Just then, Finn’s palm pilot began to vibrate loudly against the bureau.

‘I programmed it to alert me when the Benz left the garage.’ Finn picked up the device and scrolled through the menus. A few seconds later, he turned the display screen so that she could see the tracking map. ‘Uhlemann’s headed this way. Time to do the Hustle.’

59

Mont de la Lune, The Languedoc

2315 hours

I’ve just found the Lapis Exillis! The Stone in Exile.

The Grail!

Astounded, Cædmon stared at the gold pyramid-shaped object cached inside the limestone aumbry.

‘First an Isis idol and now this,’ he marvelled, flabbergasted that the Grail of legend was actually the Benben stone, one of ancient Egypt’s most sacred relics. To have unearthed the artefact in Egypt would have been noteworthy. To find it in the south of France was mind-boggling.

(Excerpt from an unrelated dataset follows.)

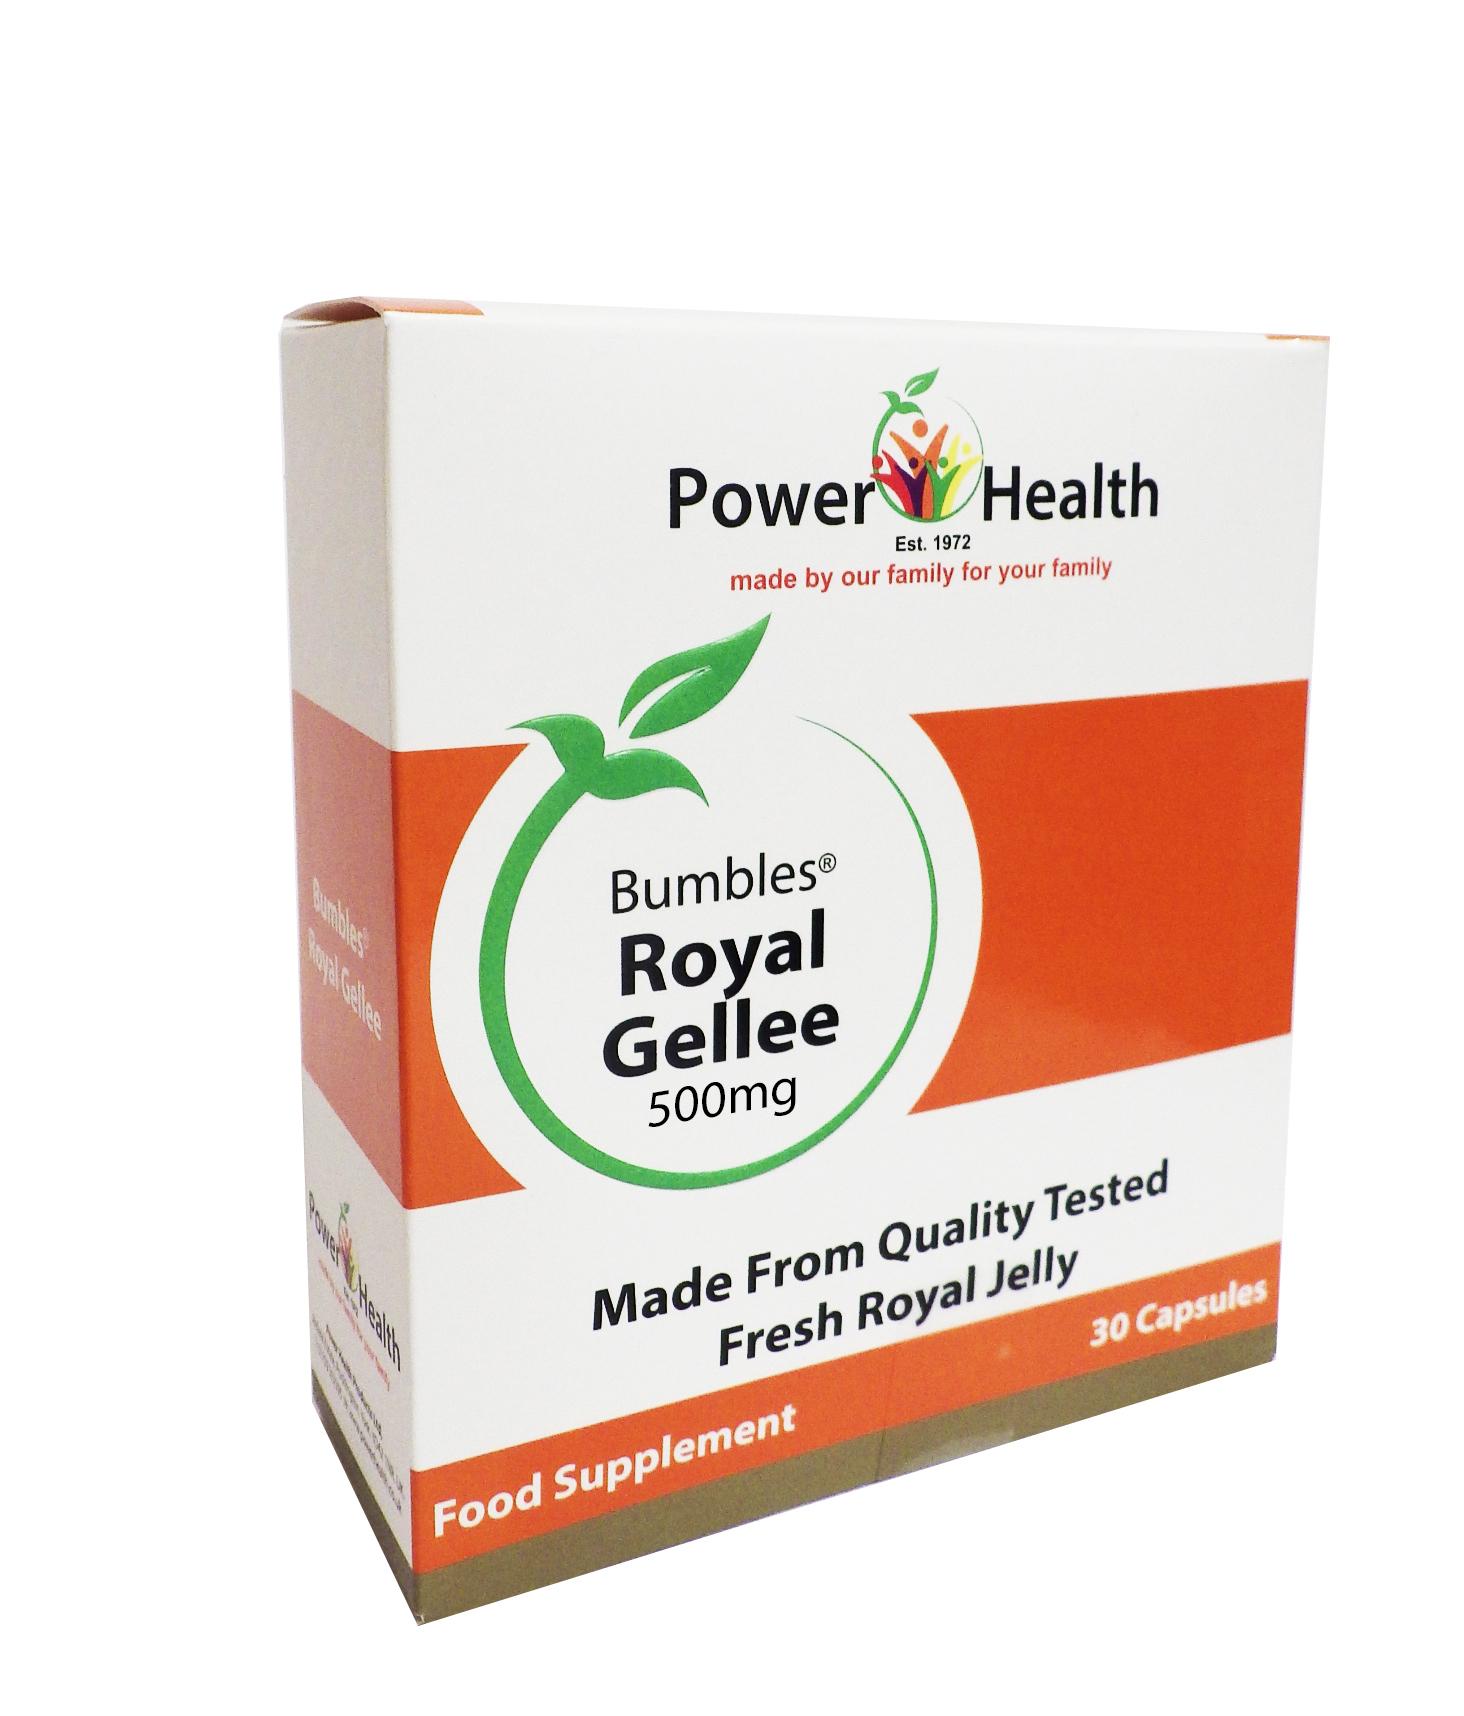 Bumbles Royal Gellee 500mg 30s

Bending at the waist, he peered more closely, able to see that there were hieroglyphs carved around the base of the stone.

‘ “I come from the Earth to meet the star,” ’ he translated, the ‘star’ in question undoubtedly Sirius, the celestial abode of Isis.

Bracing both hands around the pyramidal stone, Cædmon carefully removed it from the niche and placed it on the altar. Roughly the size of a kettle, it was surprisingly heavy, weighing at least seven pounds.

‘Yellow, glittering, precious gold.’

But unlike the gilded Isis figurine, the Grail wasn’t fashioned from thinly hammered gold applied to bronze. Instead, the pyramidal stone had actually been electroplated ! A technology that supposedly didn’t exist prior to the year 1800 when Alessandro Volta engineered the first electric cell battery.

And because it was gold-plated, he had no idea what comprised the core substance. Was it a stone? A crystal? A fallen meteorite? Whatever it was, the very fact that it had been electroplated proved that the Egyptians knew how to produce electricity.

What else did they know how to do? he wondered as he stared contemplatively at the Grail, still in a state of confused awe.

My God! It’s the bloody Benben stone!